(Data excerpts)
-*-
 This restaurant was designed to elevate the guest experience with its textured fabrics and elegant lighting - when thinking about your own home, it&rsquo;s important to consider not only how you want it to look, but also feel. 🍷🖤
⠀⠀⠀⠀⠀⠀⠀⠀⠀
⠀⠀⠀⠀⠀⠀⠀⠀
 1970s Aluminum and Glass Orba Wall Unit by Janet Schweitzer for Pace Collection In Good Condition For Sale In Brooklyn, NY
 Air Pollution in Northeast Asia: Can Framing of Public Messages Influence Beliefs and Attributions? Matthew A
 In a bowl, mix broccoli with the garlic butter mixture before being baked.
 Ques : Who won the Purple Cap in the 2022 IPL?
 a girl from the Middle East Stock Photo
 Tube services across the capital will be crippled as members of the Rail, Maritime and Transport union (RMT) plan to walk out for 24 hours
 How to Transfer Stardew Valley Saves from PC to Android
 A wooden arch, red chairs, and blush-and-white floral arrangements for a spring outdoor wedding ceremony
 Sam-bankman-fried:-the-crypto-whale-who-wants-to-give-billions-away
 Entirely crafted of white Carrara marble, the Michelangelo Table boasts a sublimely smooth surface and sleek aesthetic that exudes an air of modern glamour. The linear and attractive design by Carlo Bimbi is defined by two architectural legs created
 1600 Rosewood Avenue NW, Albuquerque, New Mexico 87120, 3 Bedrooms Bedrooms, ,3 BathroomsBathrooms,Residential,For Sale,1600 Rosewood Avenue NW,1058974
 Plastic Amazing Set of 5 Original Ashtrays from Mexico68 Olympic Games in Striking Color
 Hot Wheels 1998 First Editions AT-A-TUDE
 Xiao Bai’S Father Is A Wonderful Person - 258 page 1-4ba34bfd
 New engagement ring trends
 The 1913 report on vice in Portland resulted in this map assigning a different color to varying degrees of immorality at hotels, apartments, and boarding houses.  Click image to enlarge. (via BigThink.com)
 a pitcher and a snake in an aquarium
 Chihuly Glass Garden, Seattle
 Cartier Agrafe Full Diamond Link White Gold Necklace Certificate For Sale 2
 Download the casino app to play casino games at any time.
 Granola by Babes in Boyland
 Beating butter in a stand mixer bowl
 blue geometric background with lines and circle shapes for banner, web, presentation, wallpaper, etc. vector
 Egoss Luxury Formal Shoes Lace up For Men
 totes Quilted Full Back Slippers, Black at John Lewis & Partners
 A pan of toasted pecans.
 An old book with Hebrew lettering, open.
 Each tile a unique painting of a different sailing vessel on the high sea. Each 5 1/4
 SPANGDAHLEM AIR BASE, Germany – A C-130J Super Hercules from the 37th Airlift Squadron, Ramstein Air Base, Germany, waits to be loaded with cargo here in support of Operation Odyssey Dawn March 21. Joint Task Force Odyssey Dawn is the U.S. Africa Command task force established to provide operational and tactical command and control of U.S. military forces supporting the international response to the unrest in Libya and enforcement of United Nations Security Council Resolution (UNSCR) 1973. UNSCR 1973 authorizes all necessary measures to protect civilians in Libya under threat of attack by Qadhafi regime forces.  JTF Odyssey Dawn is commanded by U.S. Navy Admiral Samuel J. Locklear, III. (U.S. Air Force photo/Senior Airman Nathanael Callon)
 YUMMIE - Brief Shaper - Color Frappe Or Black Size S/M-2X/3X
-*-
Up to and including the line with "1970s Aluminum and", repeat the entries exactly, beginning at their first line.

 This restaurant was designed to elevate the guest experience with its textured fabrics and elegant lighting - when thinking about your own home, it&rsquo;s important to consider not only how you want it to look, but also feel. 🍷🖤
⠀⠀⠀⠀⠀⠀⠀⠀⠀
⠀⠀⠀⠀⠀⠀⠀⠀
 1970s Aluminum and Glass Orba Wall Unit by Janet Schweitzer for Pace Collection In Good Condition For Sale In Brooklyn, NY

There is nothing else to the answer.